Doch auch die Betrachtung, die das Öl mit einschließt, erklärt nicht hinreichend, warum gerade Afghanistan in der jüngeren Vergangenheit immer wieder Objekt der Aggression war und warum der Iran seit langem als ein Stachel im Fleisch empfunden wird. Bei dem Iran und bei Afghanistan handelt es sich um die geographische Landmasse, die, neben einem Riss in Europa zwischen Russland und dem Rest, die essenziell ist für die Weltherrschaft der anglophonen maritimen Mächte. Sowohl das British Empire als auch seine Nachfolgeorganisation, die Vereinigten Staaten von Amerika, waren und sind sich bewusst, sollte in diesem Fall der Iran nicht fallen, dann wäre die die maritime Weltherrschaft bedrohende Macht, nämlich Chinas in Allianz mit Russland, nicht mehr aufzuhalten. 

Der Iran ist nicht nur ein wichtiger Rohstofflieferant für die Volksrepublik China, sondern auch eine geographische Drehscheibe für die seit Jahren von China betriebene Neue Seidenstraße. Dieses Netz aus Handelswegen, Wirtschaftsbeziehungen und Rohstoffversorgung ist die Manifestation eines Gegenstücks zur maritimen Weltherrschaft, nämlich das eines asiatisch-europäischen. Wobei, zumindest bis zum heutigen Tag, zum Aufbau dieses Modells kein einziger Militärstiefel erforderlich war.

Unter diesem Aspekt kann die Dramatik dessen, was wir momentan erleben müssen, nicht bagatellisiert werden. Es mutet an wie ein Showdown, bei dem die endgültige Entscheidung gesucht wird. Zumindest seitens derer, von denen die Militärschläge ausgingen. In einer solchen Gemengelage und in einem derartig frühen Stadium sind Prognosen über den Ausgang wilde Spekulation. Fakt ist bis heute, wenige Tage nach den Angriffen auf den Iran, dass die gesamte Region dabei ist, in Flammen aufzugehen, dass Welthandel wie Rohstoffversorgung massiven Einschränkungen unterliegen wird und dass alles, was an Rechtskodizes lange Zeit die Welt vor Flächenbränden bewahrt hatte, keine praktische Relevanz mehr besitzt. Jetzt ist Krieg. 

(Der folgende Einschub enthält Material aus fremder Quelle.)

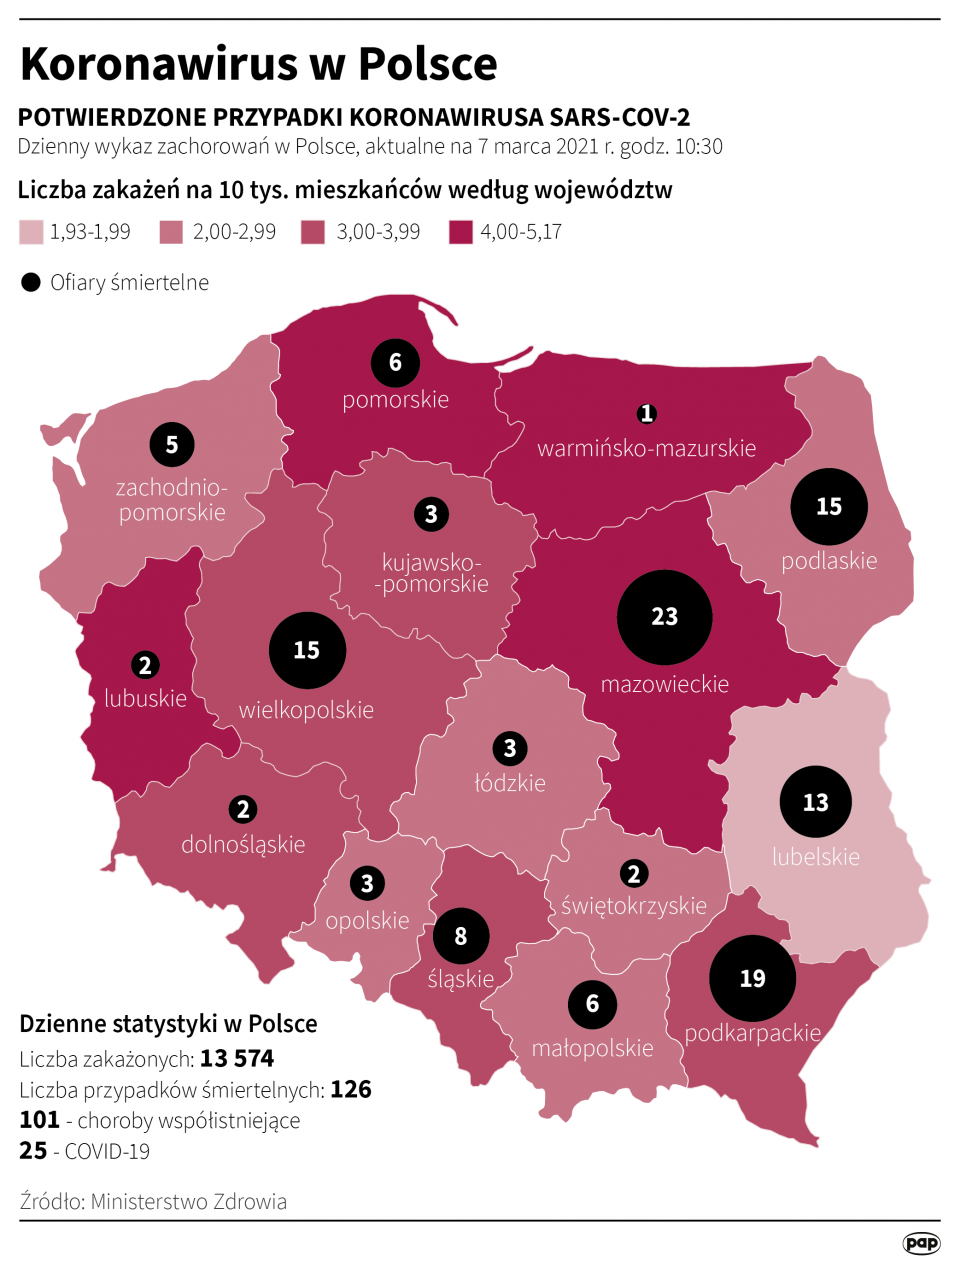 Koronawirus w Polsce stan na 7 marca [autor: Maria Samczuk, źródło: PAP]

Zivilisatorische Überlegungen haben keinen Platz mehr. Das Einzige, was gewiss ist, ist die Tatsache, dass das Gemetzel länger dauern wird als gedacht. Wie weit sich der Brand ausdehnen wird, wird abhängen von dem Geschick und der Vernunft derer, die bis jetzt verschont sind. Wie heißt es so treffend? Never make your move to soon, never hesitate too long!